PNNL

Abstract

The mean precipitation along the U.S. West Coast exhibits a pronounced seasonality change under warming. Here we explore the mechanisms for the seasonality change based on 37 climate models using moisture budget framework. The multi-model simulations show a robust enhancement of wet season precipitation over Washington-Oregon and a sharpened seasonal cycle with a stronger and narrower wet season over California. Both changes are predominantly caused by changes in the mean moisture convergence. Thermodynamic effect due to the divergence of increased moisture dominates the ‘wet-get-wetter’ seasonal enhancement over Washington-Oregon, where the climatological lower tropospheric convergence is strong.
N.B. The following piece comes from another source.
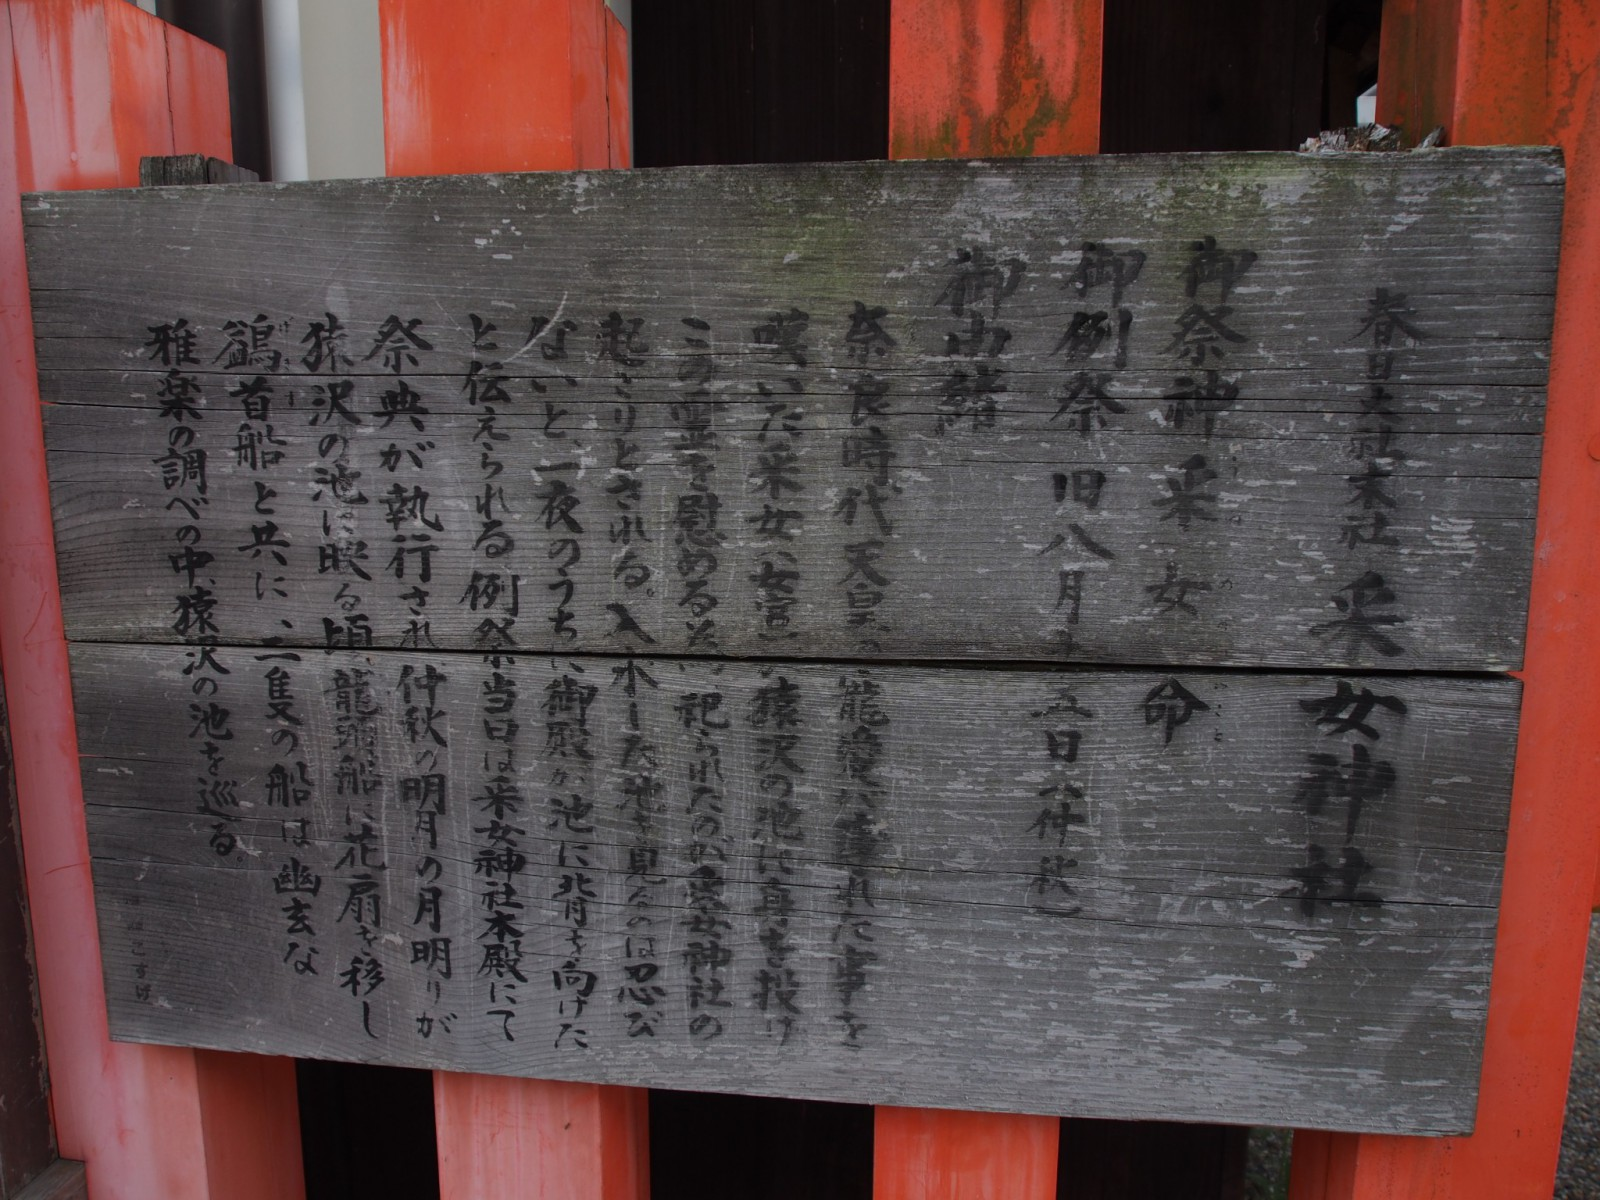 采女神社の由緒

In contrast, mean zonal moisture advection due to seasonally-dependent changes in moisture gradient dominates the sharpened wet season over California. The seasonally-dependent changes in zonal moisture gradient originate from the effects of both the climatological and changes of land-sea thermal contrast on the changes in land-sea moisture contrast in different seasons under warming through the nonlinear Clausius–Clapeyron relation. More specifically, the stronger climatological land-sea thermal contrast in winter with warmer ocean than land dominates the change in land-sea moisture contrast, resulting in more moisture increase over ocean than land under warming and hence wet advection to California. However, in fall and spring, the future change of land-sea thermal contrast with larger warming over land than ocean dominates the changes in land-sea moisture contrast, inducing an opposite moisture gradient and hence dry advection to California. The sharpening seasonality adds to the complexity to water resource management in the future.